▸ Prompt:
Exactly as written, retype the listing below, omitting the pictures.

▸ Recorded information:
--

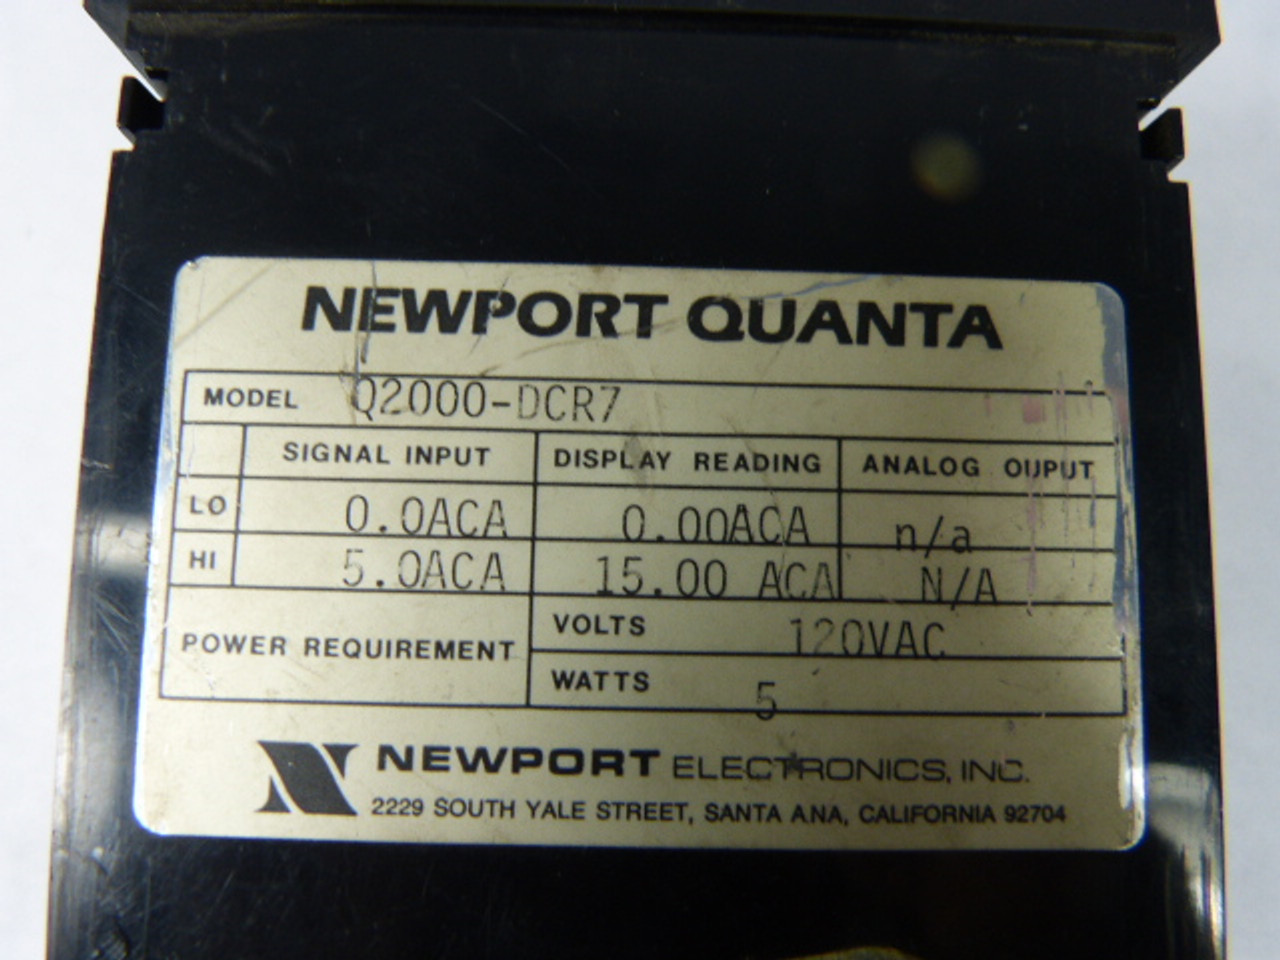 Newport Quanta Q2000DCR7 Digital Panel Meter 4 Digit 0-100ACA USED
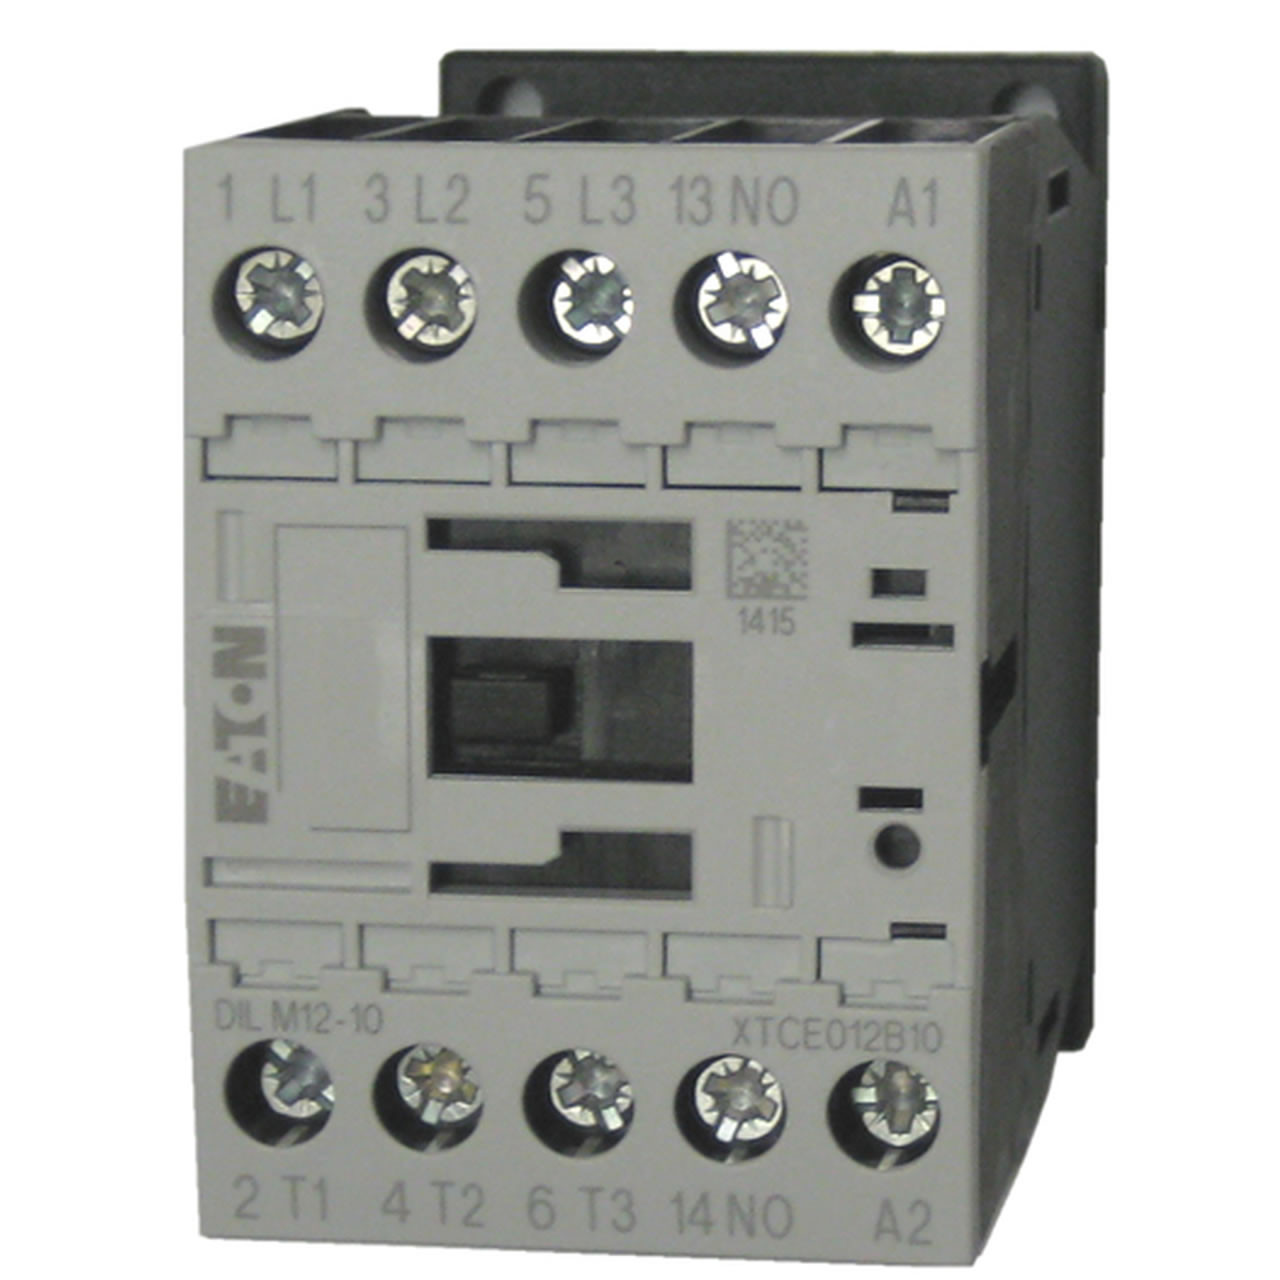 Eaton/Moeller DILM12-10 220 volt contactor
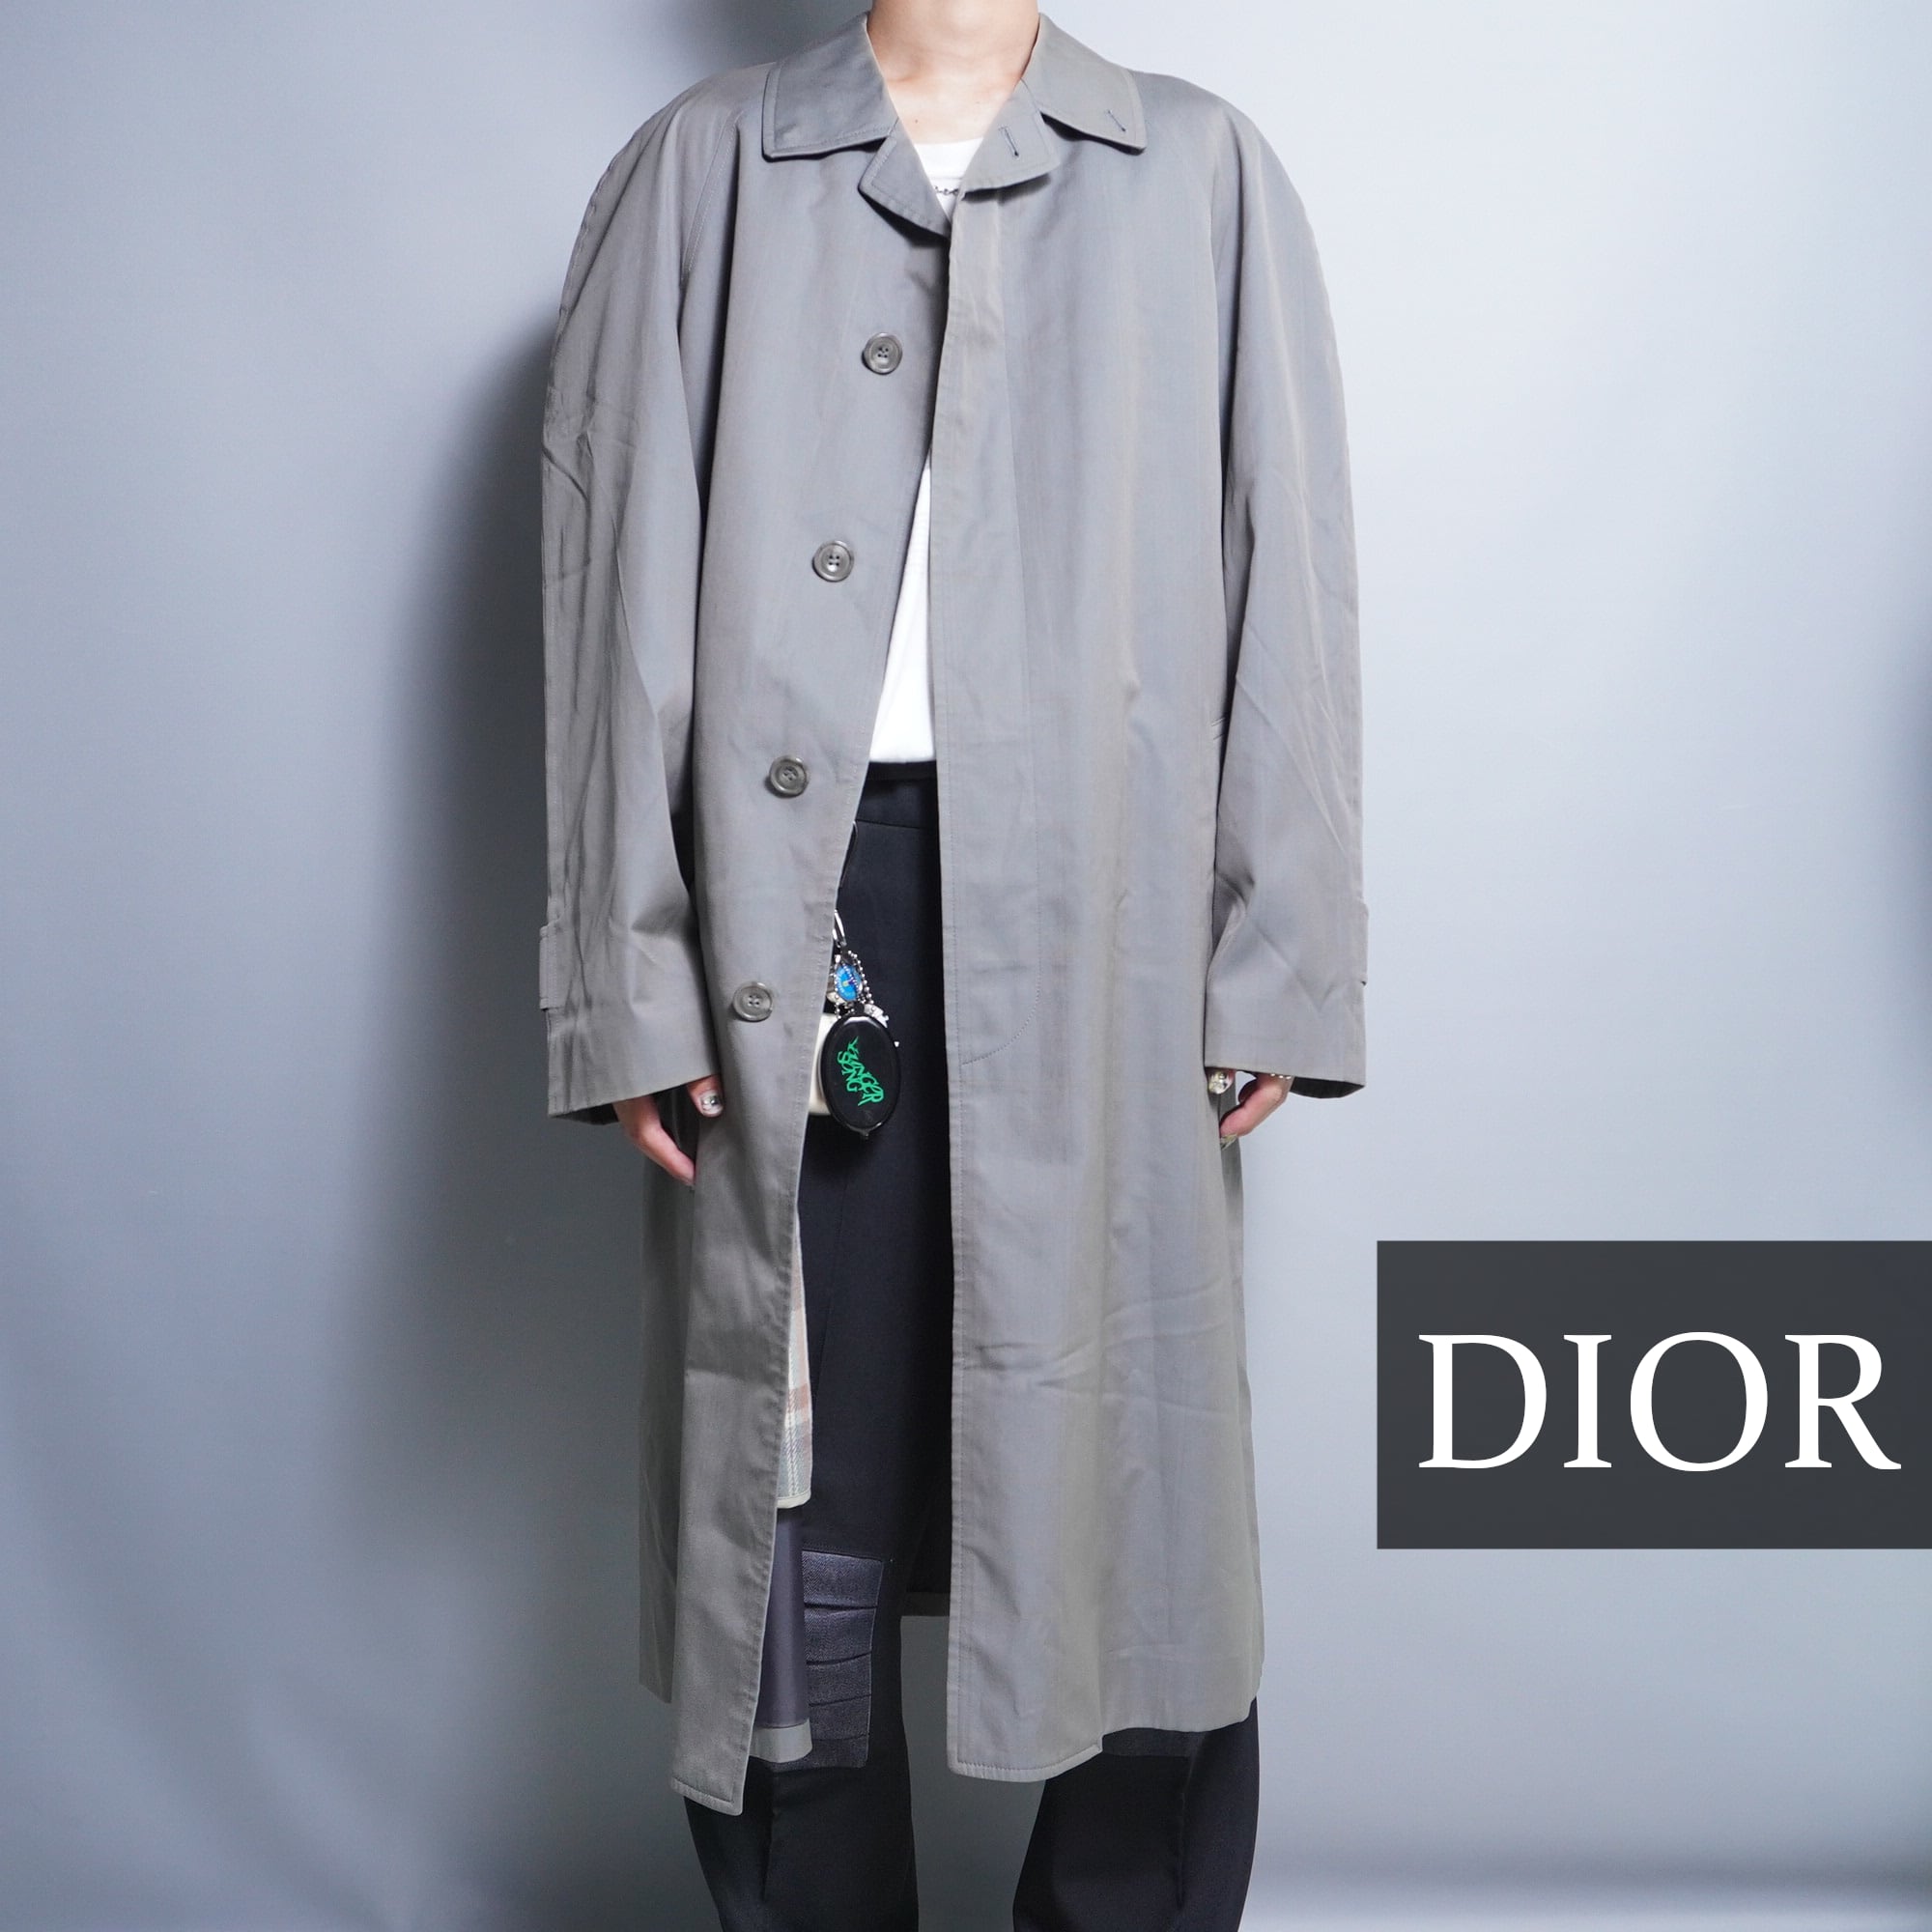 Christian Dior ステンカラーコート ダウン ライナー付き - www ...

--

▸ Solved problem:
 Newport Quanta Q2000DCR7 Digital Panel Meter 4 Digit 0-100ACA USED
 Eaton/Moeller DILM12-10 220 volt contactor
 Christian Dior ステンカラーコート ダウン ライナー付き - www ...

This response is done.